So this was a movie that killed two birds: It’s next up on the AFI Top 100 podcast and the next category up on the rather-neglected Letterboxd Challenge is a movie longer than three hours, which this very comfortably is, at 3:20.

So, I know the critical consensus is that this movie is just as good as the first one, maybe even better, but… I don’t see it. The first movie was a sprawling epic that nevertheless was focused on the kind of changing of the guard — the shift in what the crime world was and the personal arc of Michael Corleone. This movie is… just a bunch of stuff. It kinda keeps telling Michael’s story, in a way we didn’t really need (ask anyone who’s only seen the first movie, “what happens to Michael from here?” and this is pretty much the story they’ll tell you, because the whole point of the first movie was him settling into a destiny he’d fought against); it reprises some elements from the first movie; and it intersperses in flashbacks to a young Vito, in a way that clearly mirrors what Michael is going through (but why did we need another mirror when his story is mirroring the first movie already?)
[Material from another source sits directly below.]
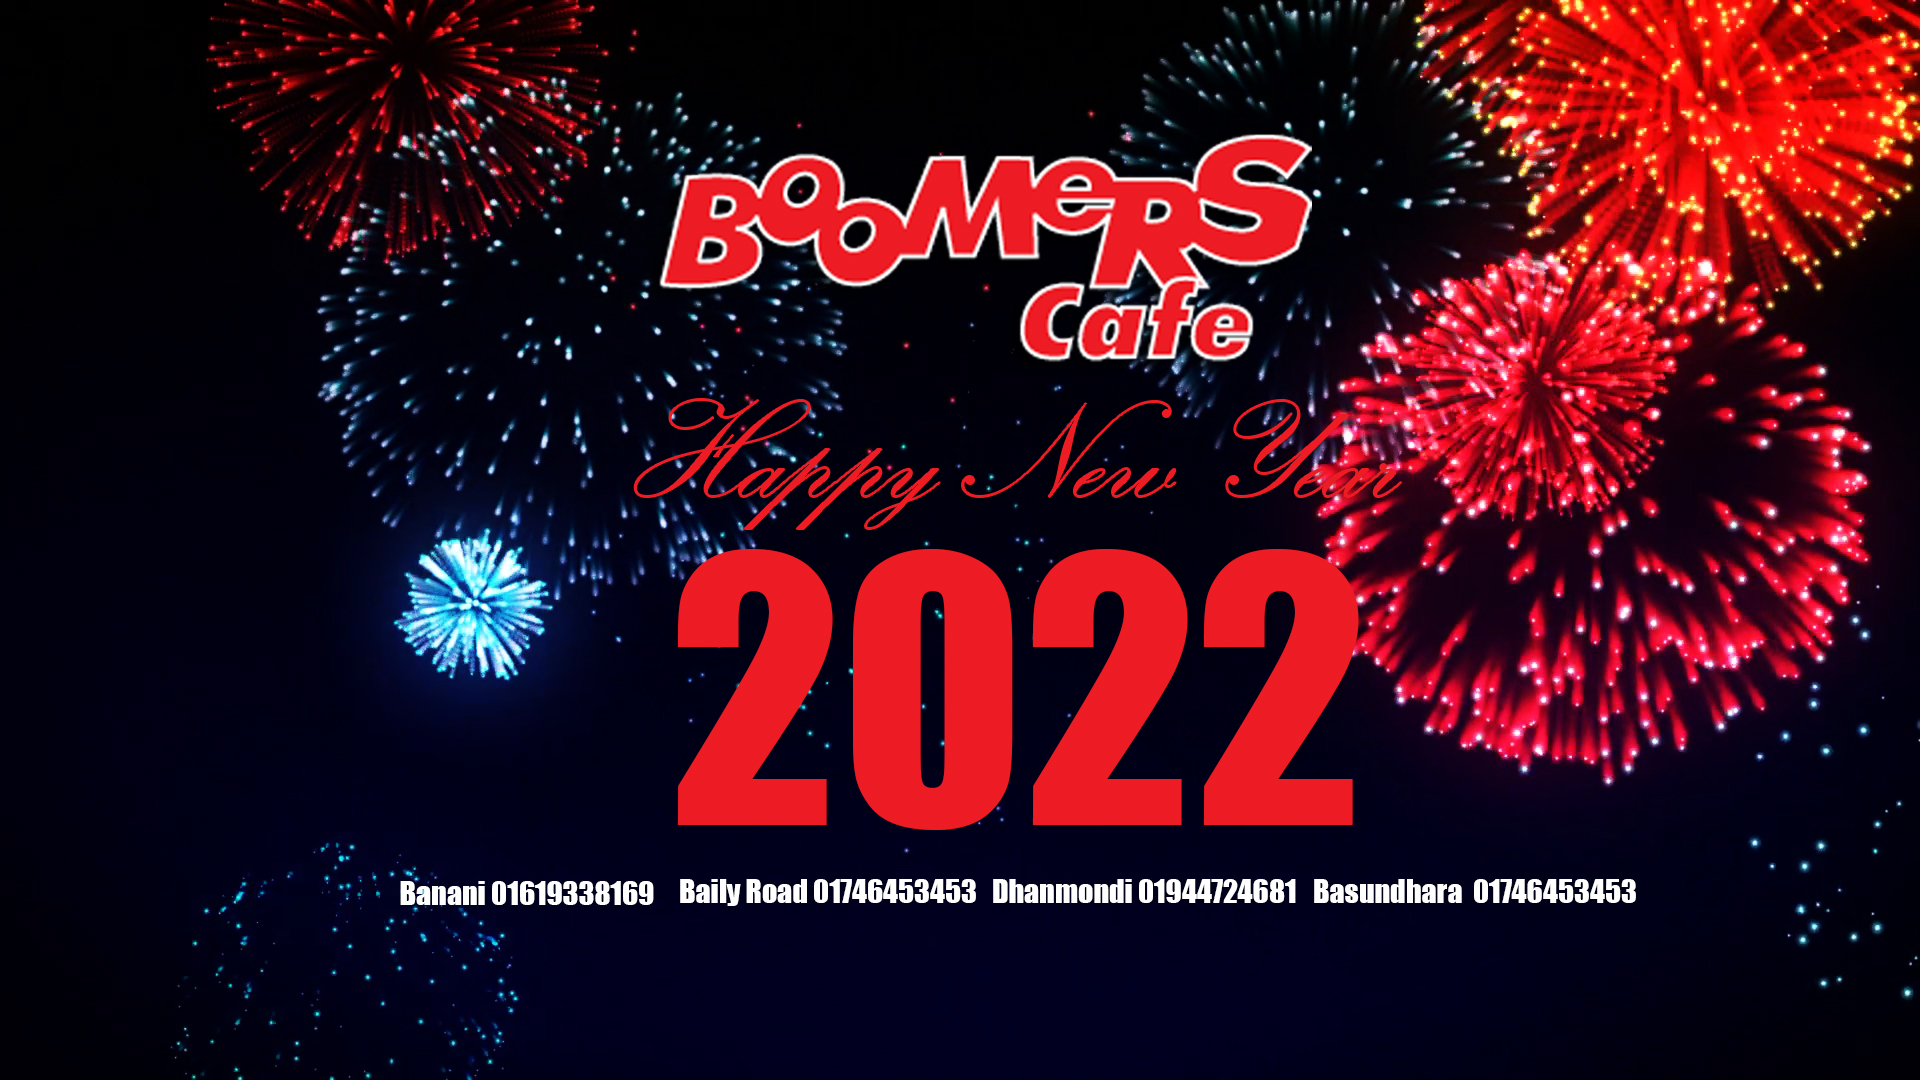 Photo of Boomers Cafe Restaurant Dhanmondi Menu Price, Delivery, Location and Contact Number

It’s well-made on a craft level, and I was happy to watch it for its full length (though my wife checked out to her phone pretty quickly), but to my tastes, it was clearly an inferior sequel that didn’t have much to say, and ended up as just a way for Godfather fans to marinate in the world of the Corleones for another few hours.

I’d say it’s only recommended to Godfather super-fans, but obviously mine is a minority opinion, so probably if you’re watching the first one and don’t hate it, you should go on to the second just to have your own opinion. But if I were creating the AFI Top 100 list, there’s no way I’d put this on here. One Godfather is plenty.